Это сообщение окрасило только что виденные мною картины совсем уж в апокалиптические краски: дым, огонь, железо, голые тела и смерть — все атрибуты конца света. И унылые серые домики, и близость чисто и скучно выбеленной больницы, и соседство железной дороги с ее грохочущими поездами — все подтверждало приметы индустриального ада. И сюда я приехала спасаться от скуки красивого благополучия! Но как иногда бывают обманчивы первые впечатления! Когда-то узкая помоечная щель нашего московского двора неожиданно вместила богатую полноту жизни. Теперь, только в сто крат сильнее, бедный косогорский больничный поселок обернулся для нас, детей, раем. Две недели жаркого августа тридцать восьмого года навсегда остались в моей памяти днями счастья, радости, небывалых впечатлений.
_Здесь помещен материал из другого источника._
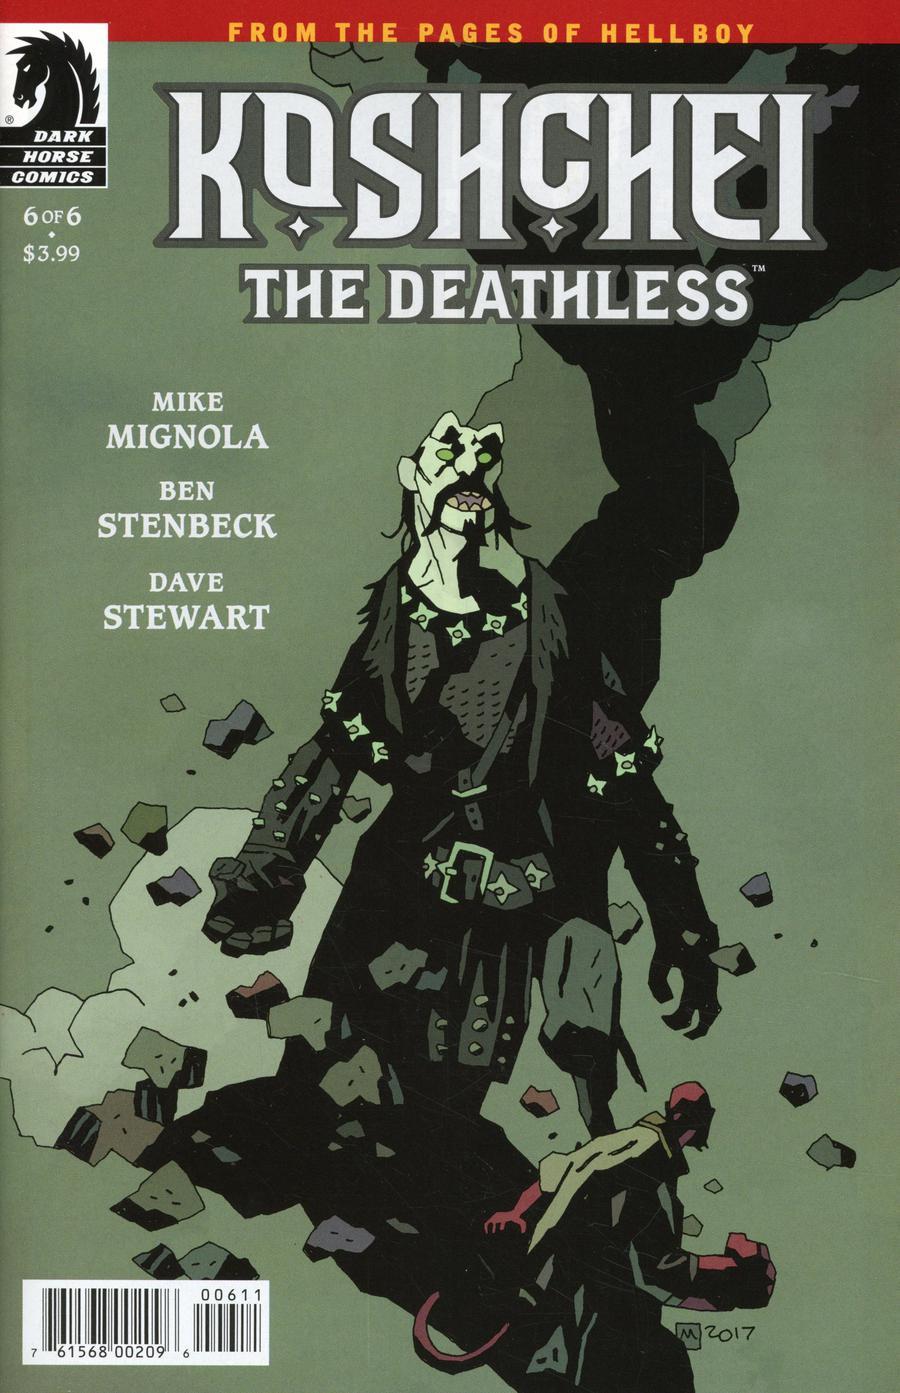 Koshchei The Deathless Vol. 1 #6

Впереди за узкой полоской реки всегда маячила серая дымящаяся домна, позади дома громыхали поезда южной дороги, но стоило пройти четверть часа вверх по Воронке, ступая босыми ногами по зеленой траве, и ты оказываешься в тишине и покое сплошных лугов, и достаточно было перебежать железную дорогу за домом, и тут же ты попадал в непривычные для нас липовые рощи, широкие светлые овраги, в ржаные поля, в заброшенные барские сады. Яблок, слив, меда в те годы в тульских местах было такое же изобилие, как и в тамбовских. Природа была девственно нетронута, чистота воздуха, воды, лесных опушек удивительна. Индустриальное обрамление докторских домов, казалось, только подчеркивало всю эту милую прелесть.
Но, конечно, не близость природы была главной радостью для нас на Косой Горе. Рощи и поля лишь сопутствовали счастью. Что нужно подросткам для счастья? Дружелюбное общество себе подобных. Именно этим мы были обеспечены. Когда я приехала в дом Краевских, там, кроме хозяев, уже жили Елена Николаевна Краевская (Малёля) со своей двадцатилетней дочерью Пультей (Ириной), наша мама с Алешей и Лёлей и Андрей Турков. Так, уже в одном нашем доме складывалась теплая юная компания от восьми до двадцати лет. Нашими соседями по дому были Инна и Гарик Левитан, хотя эти «маленькие» лично меня не очень интересовали, но и они участвовали в наших общих развлечениях. В доме напротив обитало обширное семейство главного врача больницы доктора Стечкина: двадцатилетняя Женя и девятнадцатилетний Олег — студенты, шестнадцатилетний Игорь и четырнадцатилетний Слава, страдавший странной болезнью: он боялся прикосновения к любому постороннему предмету и играл в волейбол в нитяных коричневых перчатках. С другой стороны дома Стечкиных был вход в квартиру Загородних. Там обитал их восемнадцатилетний сын Толя, да еще к ним на лето приехал двоюродный брат Толи девятнадцатилетний… Как же его звали? Вижу длинную нескладную фигуру, выпуклые светлые глаза, слышу голос шутника и забавника, а имени не помню. Вот в такую роскошную компанию я попала из своего прекрасного заточения.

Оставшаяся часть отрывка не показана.